Immunofluorescence assay
The mice were sacrificed, and small intestine
tissues were harvested, and fixed overnight with 4%
paraformaldehyde. The fixed tissues were paraffin embedded and 5 µm
sections were cut and mounted onto slides. For insulin detection,
the sections were rehydrated by bathing 3 times each in xylenes
followed by isopropyl alcohol. Slides were then rinsed in distilled
water. Antigen retrieval was performed with heated 10 mM sodium
citrate buffer, pH 6.0. A hydrophobic pen was used to outline the
tissue. Tissue was blocked with PBS containing 5% BSA (Sangon
Biotech Co., Ltd.) and 0.05% Tween-20 for 30 min at room
temperature. Mouse anti-6-histidine (1:500; cat. no. MA1-21315;
Thermo Fisher Scientific, Inc.) or anti-insulin antibodies (1:250;
cat. no. sc9168; Santa Cruz Biotechnology, Inc., Dallas, TX, USA)

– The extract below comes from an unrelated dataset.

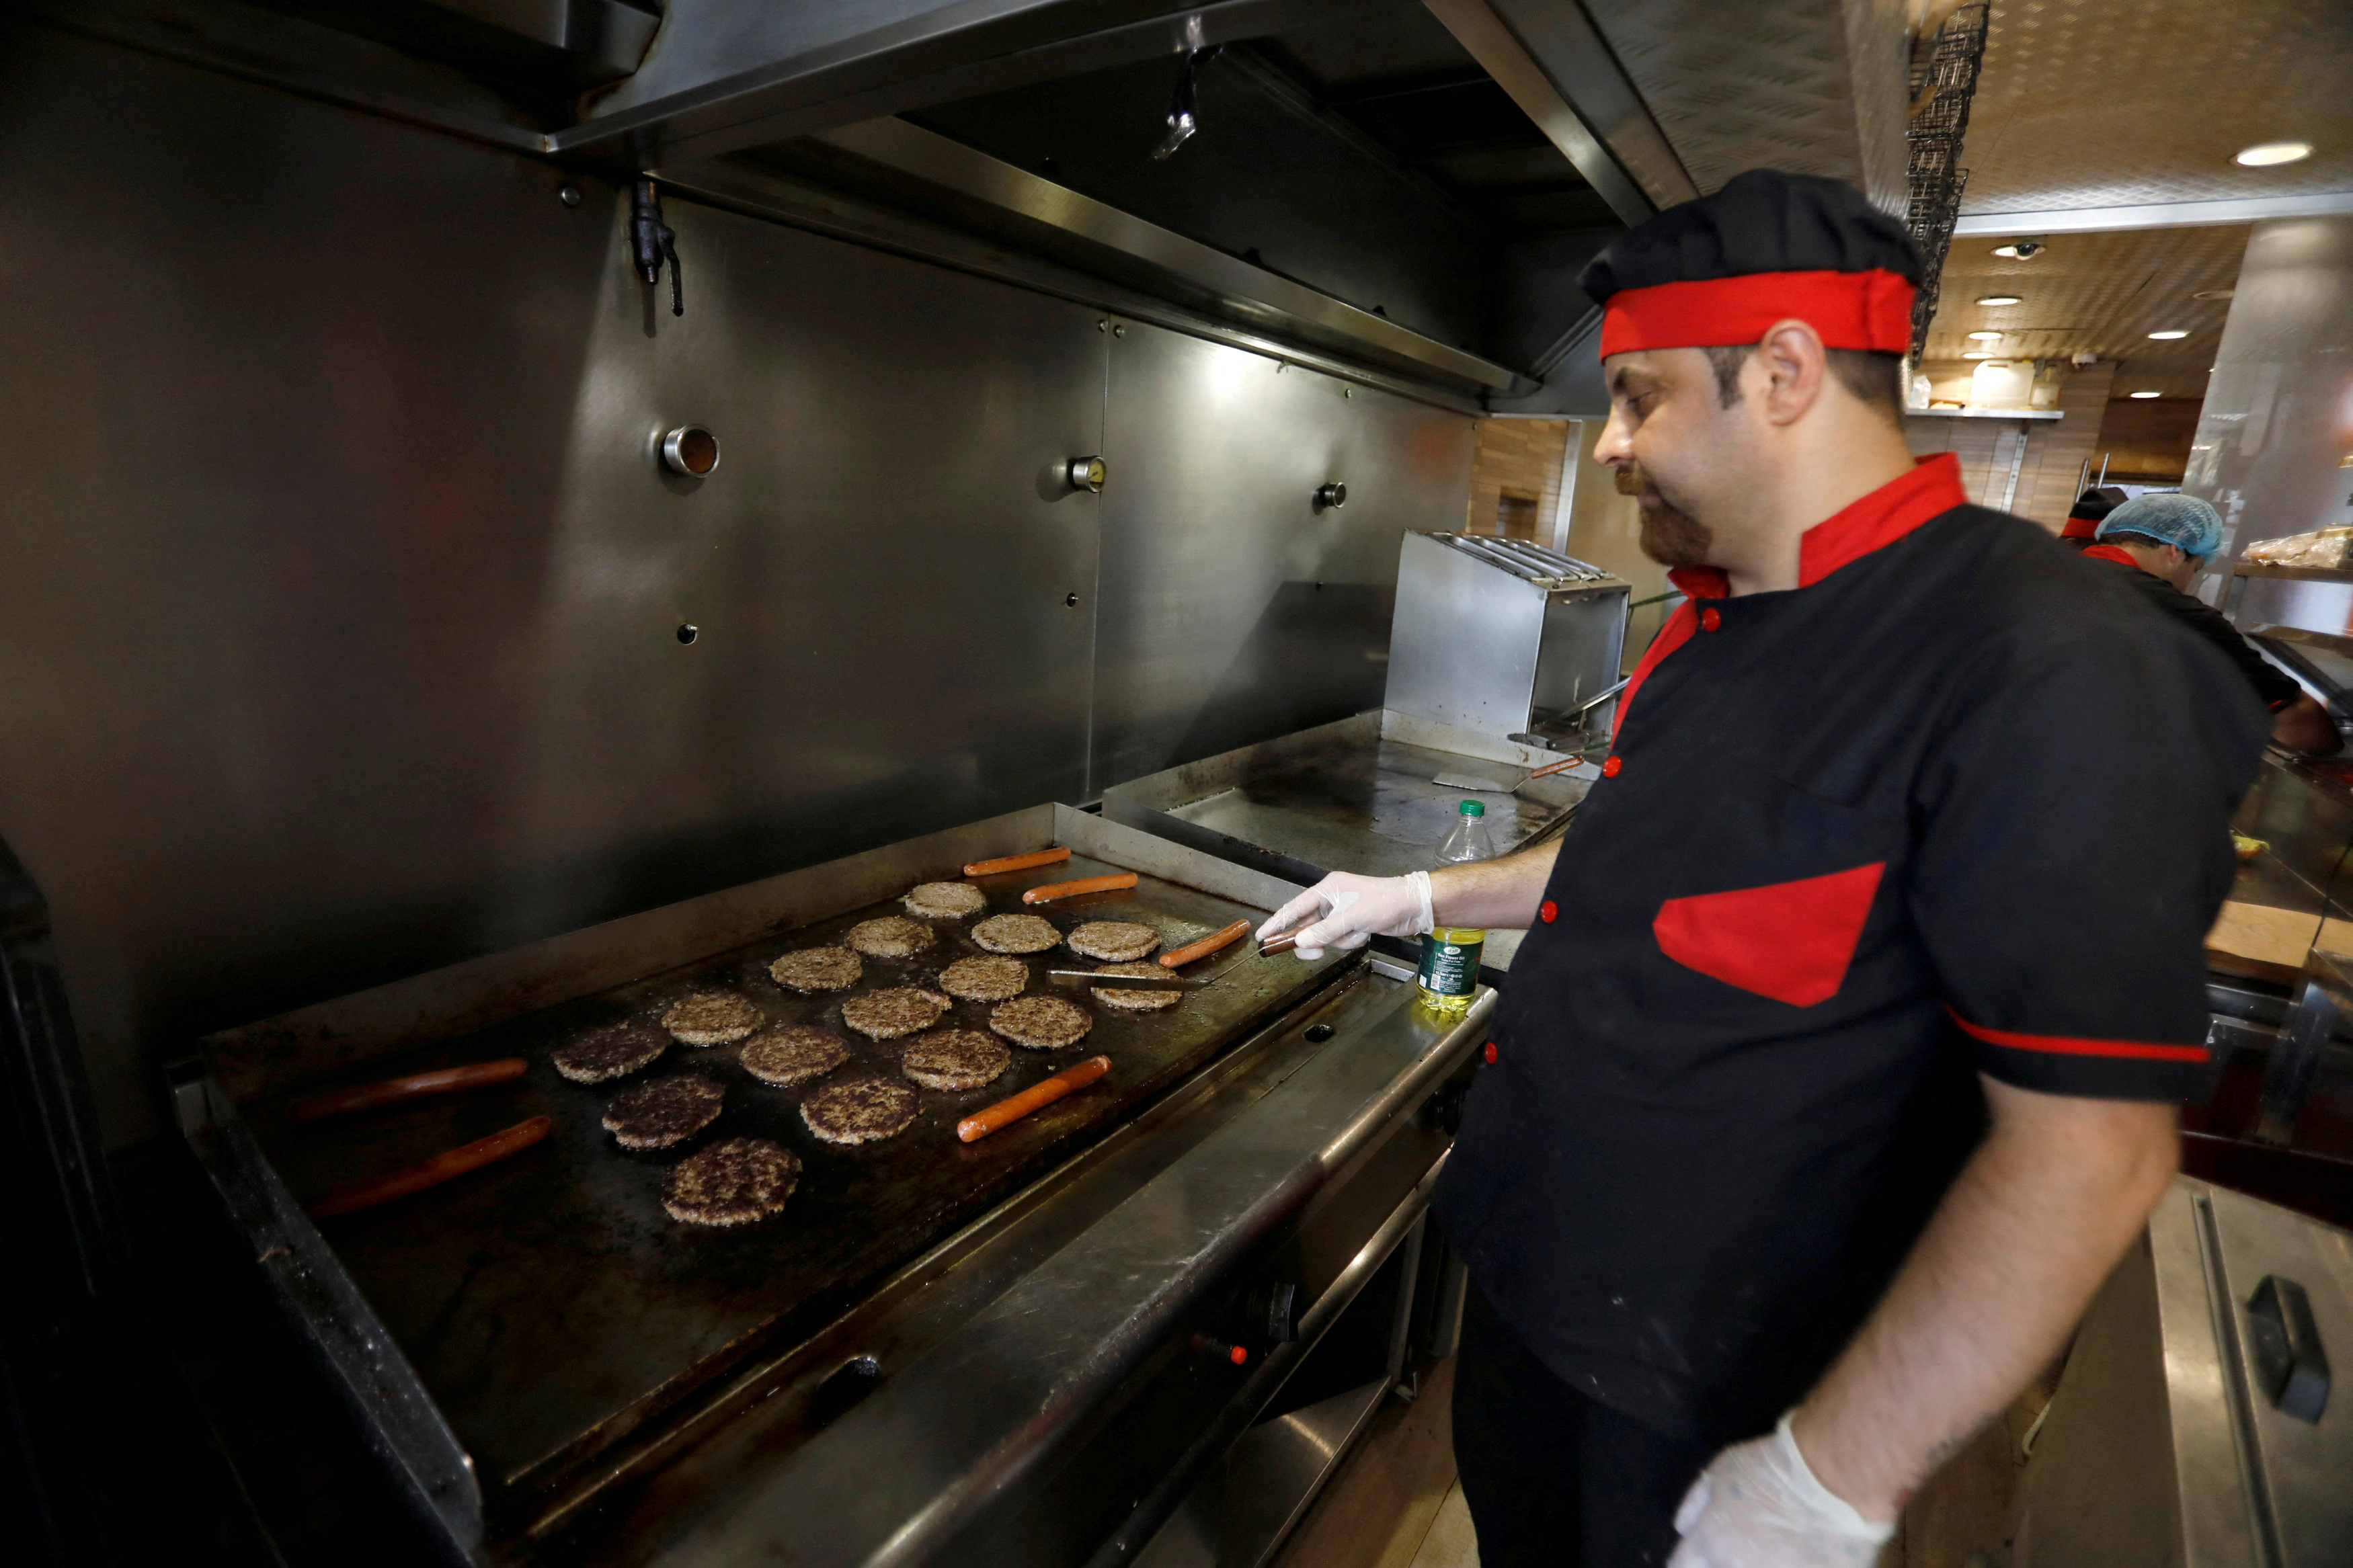 A man cooks burgers on the grill inside a restaurant in Baghdad

were diluted in blocking buffer and applied to the slides overnight
at 4°C. The sections were then incubated with rhodamine-conjugated
goat anti-mouse or Dylight 594-conjugated donkey anti-rabbit IgG
secondary antibodies (1:100; cat. nos. 115-025–075 and 715-585-150;
Jackson ImmunoResearch Laboratories, Inc., West Grove, PA, USA) and
counterstained with DAPI (Sigma-Aldrich, Merck KGaA). Slides were
analyzed using an epifluorescence microscope (X81; Olympus
Corporation, Tokyo, Japan).
Statistical analysis
Statistical analyses were performed using SPSS
software version 17.0 (SPSS, Inc., Chicago, IL, USA). Data are
presented as the mean ± standard deviation. Data were analyzed
using one- or two-way analysis of variance, followed by
Bonferroni's multiple comparison test. P<0.05 was considered to
indicate a statistically significant difference.
Results
11R fusion proteins efficiently
transduce cells in vitro
mCherry has previously been demonstrated to act as a
useful monomeric red fluorescent protein, and therefore the
mCherry-11R recombinant protein was used to visualize if 11R
transduced fused proteins into the cells of interest. The IEC-6 and
NIH3T3 cells were treated with mCherry-11R. Following 4 h
incubation, a fluorescent signal was observed in the two cell lines
(n=12, each; Fig. 1C). To assess
if the recombinant MafA-11R transduced into cells, IEC-6 and NIH3T3
were treated with His-tagged MafA-11R fusion protein.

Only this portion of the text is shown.